Bovine lungworm Dictyocaulus viviparus is the cause of parasitic bronchitis (husk/hoose) in cattle.
The disease is characterised by coughing and respiratory distress, and typically affects young cattle during their first grazing season, following which the surviving animals usually develop a strong immunity. Occasionally, if an older animal with acquired immunity is suddenly exposed to a massive larval challenge from a heavily contaminated field, severe clinical signs may result.
Staff in the Parasitology Section of the Veterinary Sciences Division, AFBI, have noted that the incidence of lungworm infection in cattle is unusually high this year. It is likely that this has been caused by the wet weather in July which, together with the summer temperatures, has created an ideal environment for the survival of lungworm larvae and build-up of high levels of infection on pasture.
Young cattle at grazing initially acquire infection from lungworm larvae that have survived mild winter conditions on pasture which was heavily contaminated in the previous year. Alternatively, they may gain infection from larvae shed by yearling ‘carrier’ cattle that harboured small burdens of immature lungworm from the previous year. The latter come to maturity, releasing larvae unto grass early in the summer and, given the short maturation time on pasture (5-7 days in summer conditions, with adequate moisture), the new generation of worms from infected calves can achieve high levels of contamination on the pasture by late summer.
While lungworms in cattle apparently remain susceptible to destruction by all of the commonly used anthelmintics, in recent years there has been a tendency for lungworm infection to occur in older cattle because treatment with long-acting anthelmintics during the first grazing season has prevented calves from being sufficiently exposed to lungworm infection to develop immunity. Therefore clinical infection can appear in the second, or even in subsequent years at grass, if the pasture is heavily contaminated with larvae.
Affected cattle should be treated as early as possible, with veterinary advice, when signs of coughing or rapid breathing are first seen in the group. This is because severely affected animals may either not respond, or symptoms may be exacerbated, as dead or dying larvae block the lower airways. Indeed, heavily infected animals sometimes die soon after treatment, as the airways become occluded by inflammatory debris and degenerating worms. Treated cattle should be removed from infected pasture and transferred to clean pasture, if available, or housed in well-ventilated facilities. Whatever treatment is selected, it is advisable to divide affected calves into two groups, as the prognosis will vary according to the severity of disease.
Calves which have just commenced coughing or laboured breathing, are usually in the prepatent stage of the disease or have a small adult worm burden, so treatment should result in rapid recovery. Such calves may not have developed a strong immunity and should not be returned to the grazing, which was the source of infection, after treatment. If this is not possible, a macrocyclic lactone may be used, as the residual effect prevents re-infection for an extended period. Calves that are feverish and showing severe signs of lungworm infection should be kept indoors for treatment and observation. Even when affected calves are treated with an anthelmintic, a proportion may not recover, and others may remain permanently stunted. In addition to anthelmintics, severely affected animals may require antibiotics if they have a fever, anti-inflammatories and hydration if they are not drinking.

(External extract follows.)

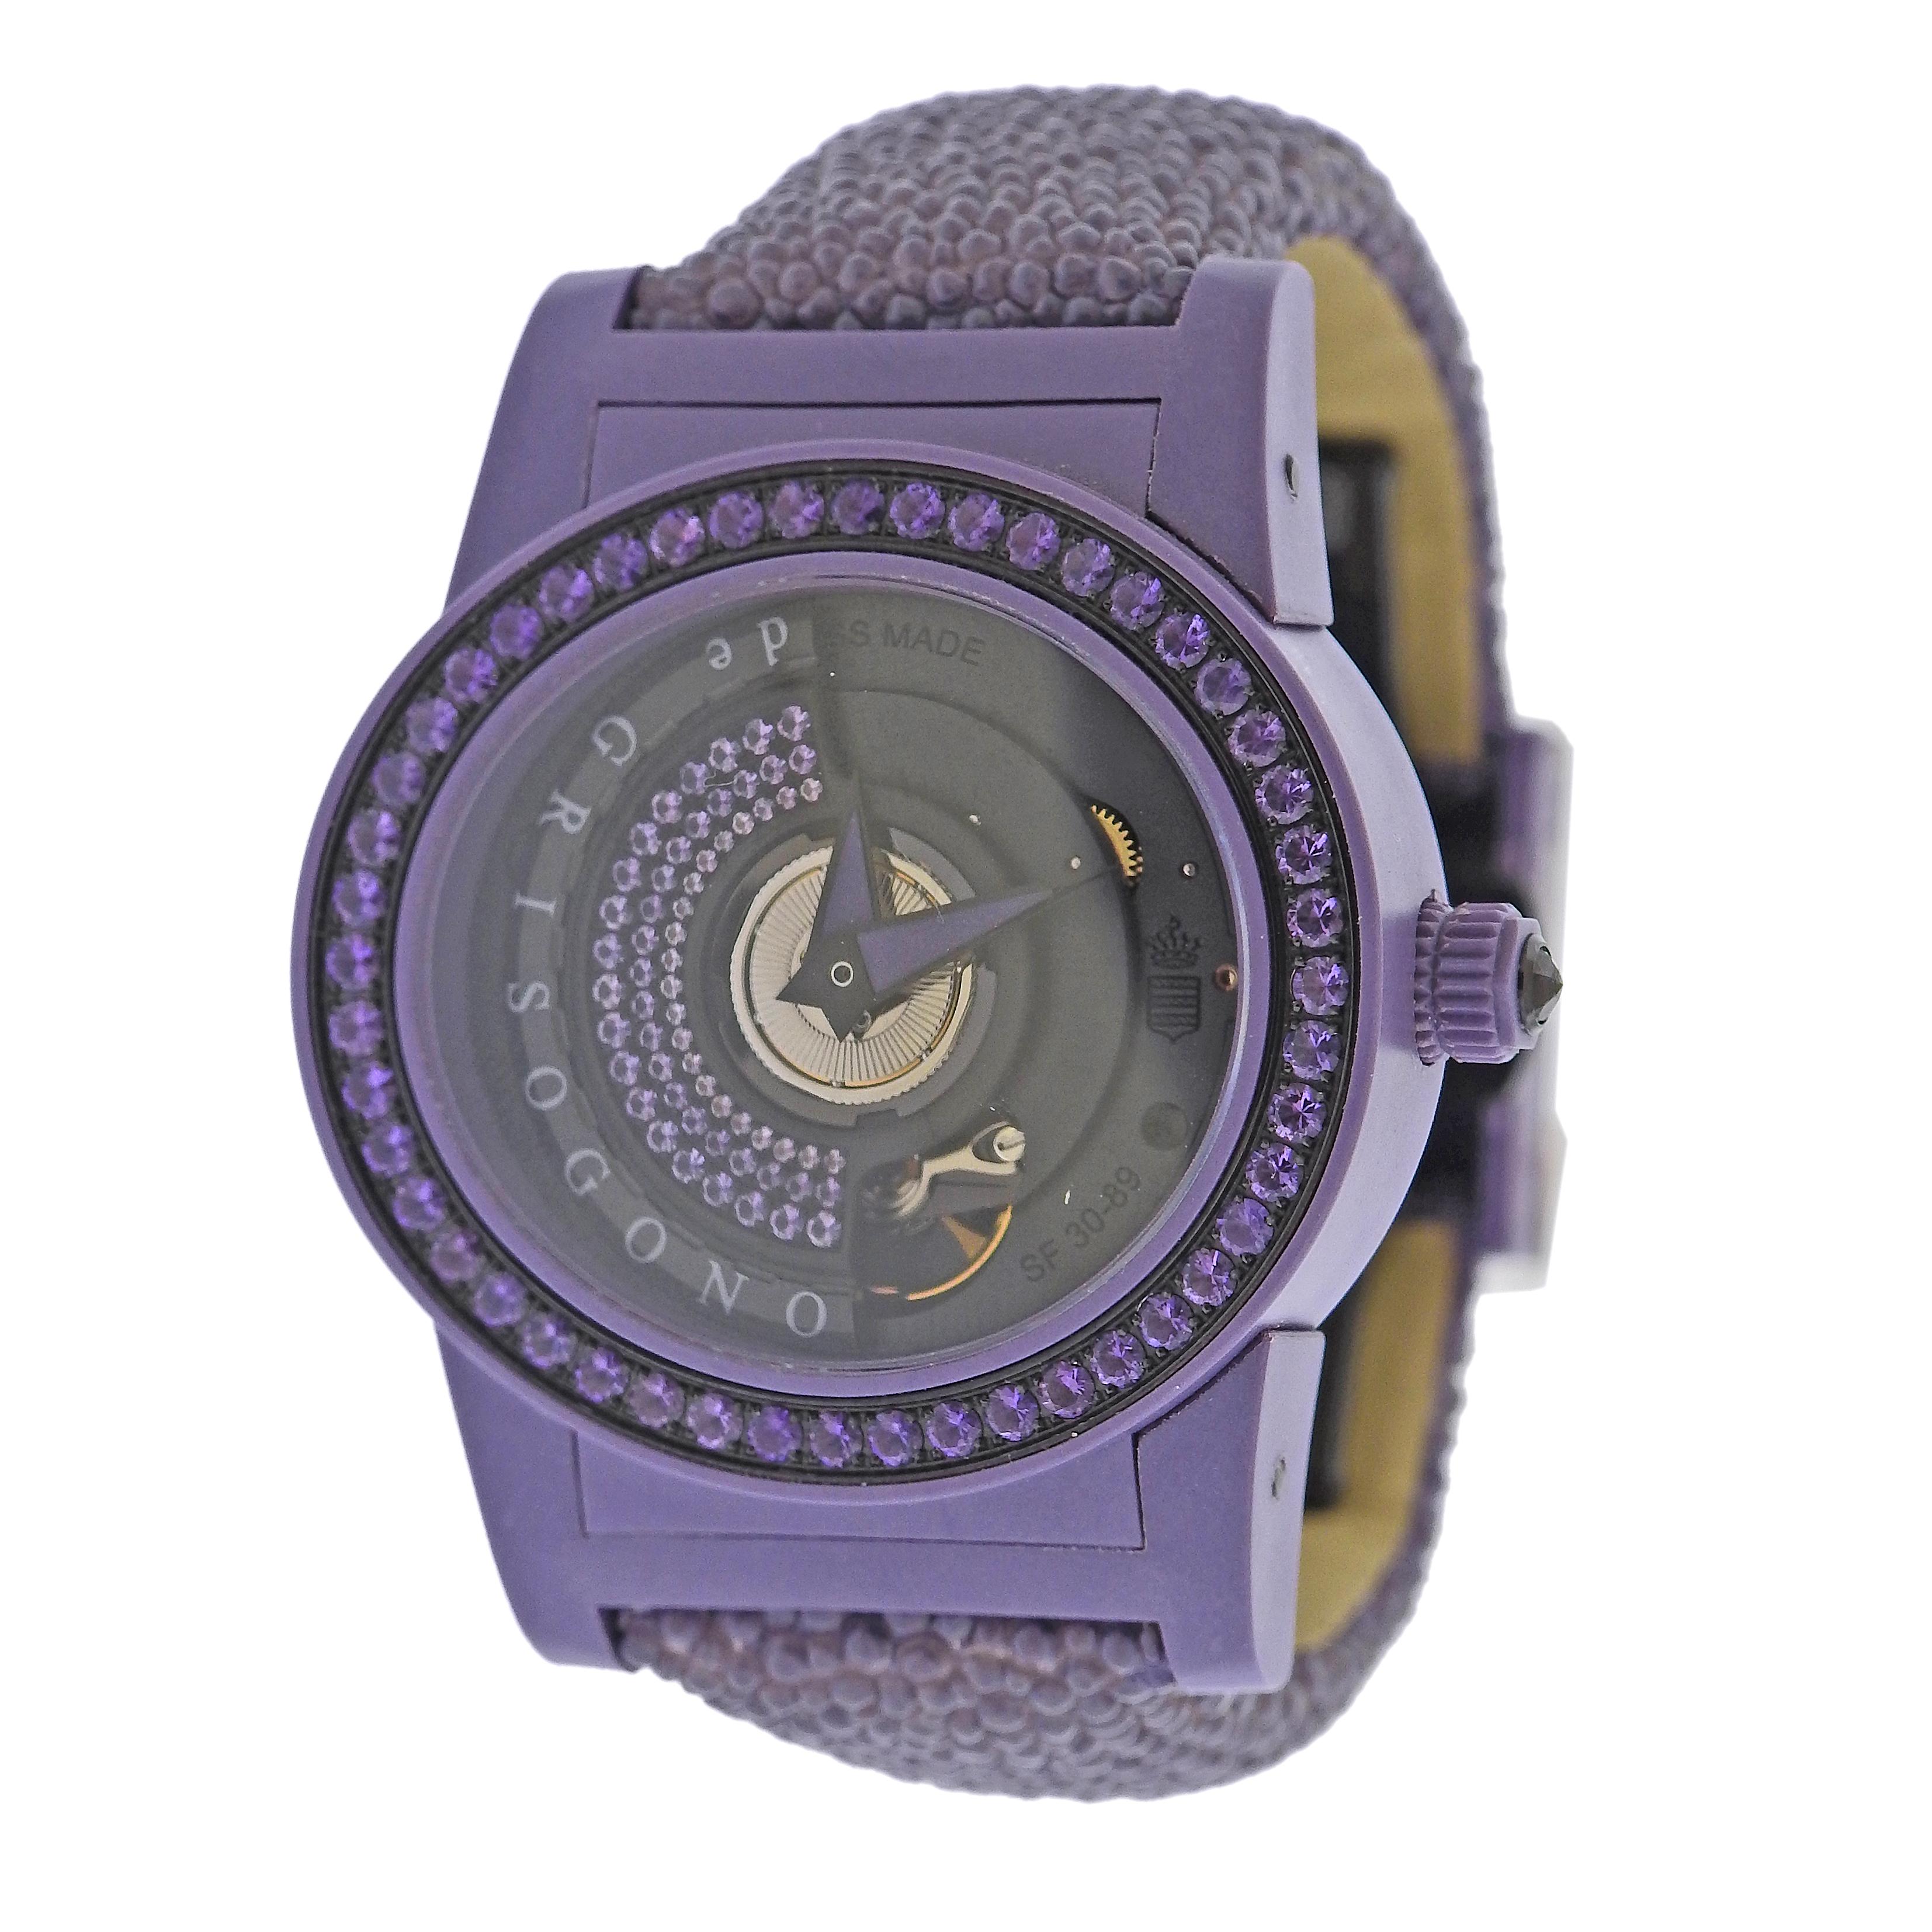 New with tag de Grisogono Tondo by Night watch, featuring violet purple fiberglass case, violet galuchat leather bracelet and deployant buckle. Case decorated with amethysts. Automatic movement. Comes with box and papers. Case - 38mm excl. crown x
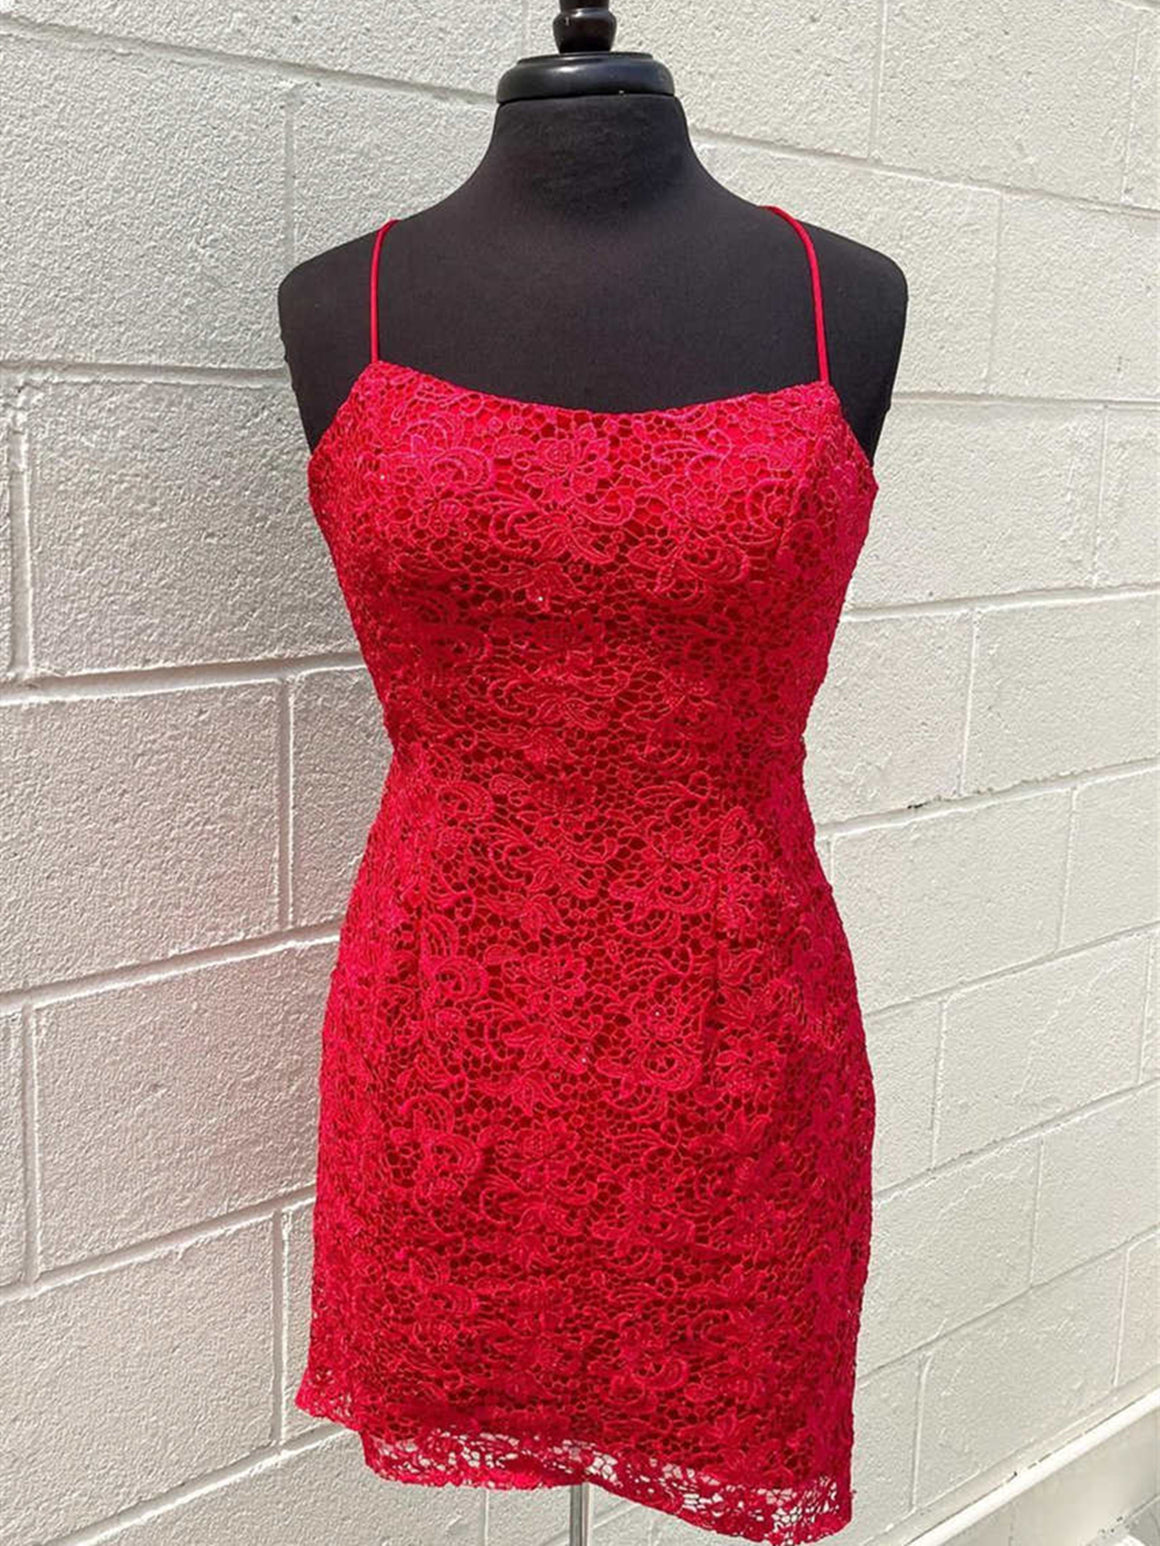 Short Backless Red Lace Prom Dresses, Open Back Short Red Lace Formal Homecoming Dresses

As lungworm infections are increasingly reported in older animals and adult cows, there may be occasions where milking cattle or beef finishers require treatment. However, to prevent anthelmintic residues in milk and meat, manufacturer’s recommendations for withdrawal times must be observed.
Diagnosis of lungworm infection, prior to administration of treatment, is usually based on the clinical signs of coughing and respiratory effort in grazing cattle. However, it is advisable to seek laboratory confirmation by submitting dung samples from affected animals for identification of lungworm larvae (if infection is patent) and/or carcases of any dead animals for post-mortem examination.
In order to prevent infection in calves exposed to pastures where severe lungworm was diagnosed in the previous year, it is advisable to vaccinate animals older than 8 weeks. Two doses of the live attenuated vaccine should be given 4 weeks apart, and long-acting anthelmintics should be withheld for 2 weeks after the last dose, since these drugs interfere with the development of immunity. Remember that bought-in calves or adult cattle may introduce lungworm onto a farm, so quarantine and treat all incoming cattle.